La maternità continua a essere ancora un forte ostacolo al naturale proseguimento della carriera lavorativa: nel 2006, ben una donna su nove è uscita dal mercato del lavoro dopo aver fatto un figlio. Per la gran parte dei casi, due terzi circa, questo è dovuto a 'esigenze di cura e assistenza della prole’; il restante terzo lo imputa a motivi di 'tenuta contrattuale’. In pratica, a queste donne, non è stato rinnovato un contratto dopo la maternità. Indice che, come riassume l'Isfol, “la maternità continua a essere uno dei fattori più difficili da gestire per le organizzazioni, oltre che una fonte di pratiche discriminatorie”. Un altro degli ostacoli di cui è disseminato il percorso lavorativo di una donna è la disparità di trattamento salariale.

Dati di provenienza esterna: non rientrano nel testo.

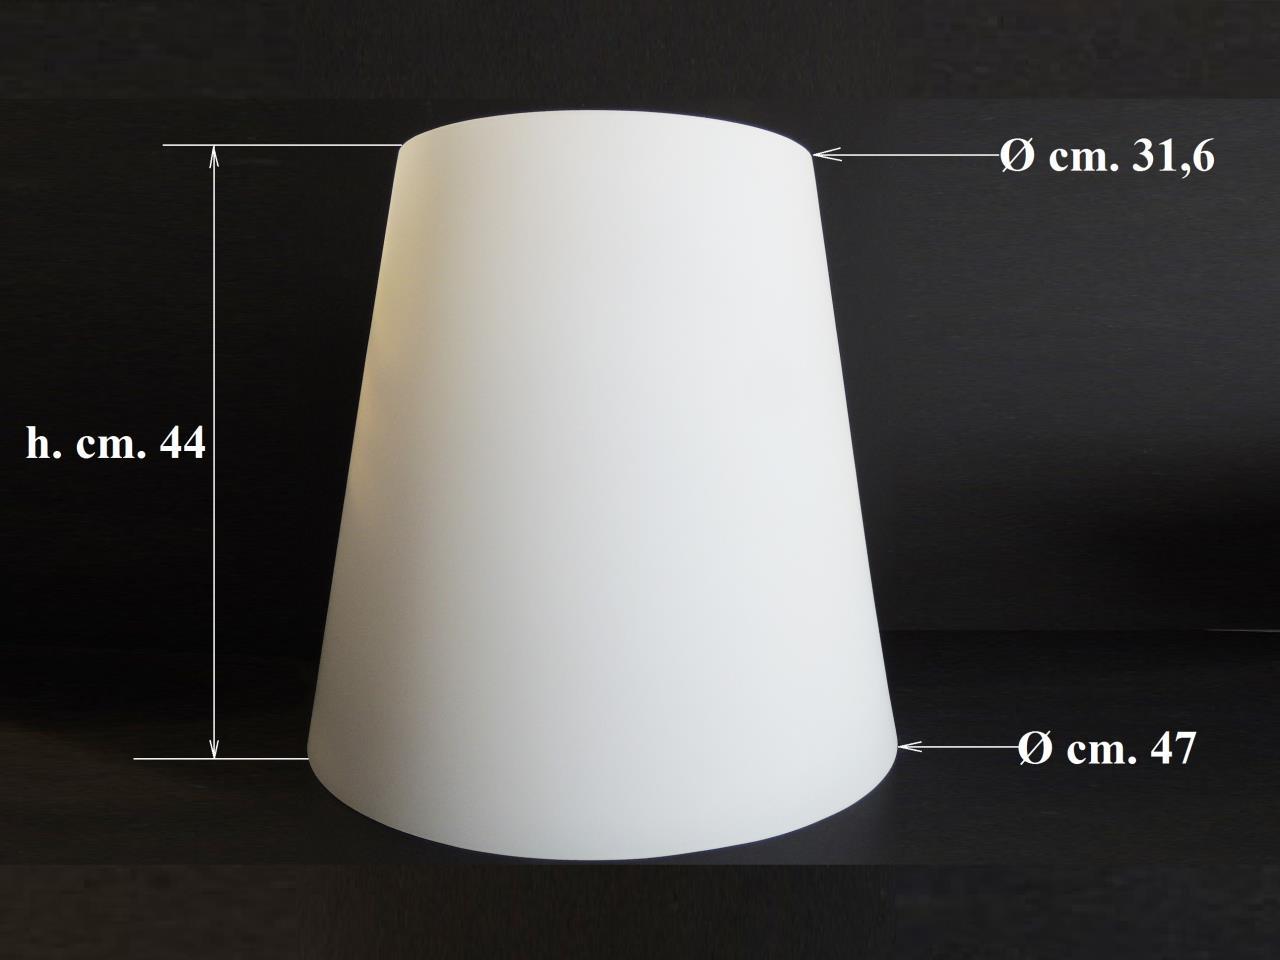 Vetri di ricambio per lampadari: Paralume in vetro bianco per ...

Il divario retributivo tra uomo e donna, infatti, arriva secondo l'Isfol, a parità di contratto e inquadramento, al 15,8%. Si tratta di una quota consistente di cui è privata la retribuzione femminile (se pur in diminuzione rispetto al 1998, quando il gap salariale di genere era del 18,5%), che può essere spiegata non solo con la minore corresponsione a parità di ruoli, ma anche con la “discriminazione all'accesso a posizioni lavorative meglio retribuite”. Tra le cause delle maggiori difficoltà di carriera per le donne, anche la diversa durata degli orari di lavoro, in media minori di otto ore alla settimana di quelli degli uomini. Ma quelli delle donne, conclude l'Isfol, sono anche, paradossalmente, gli orari meno flessibili: le lavoratrici che indicano vincoli rigidi in entrata al lavoro sono il 10% in più degli uomini.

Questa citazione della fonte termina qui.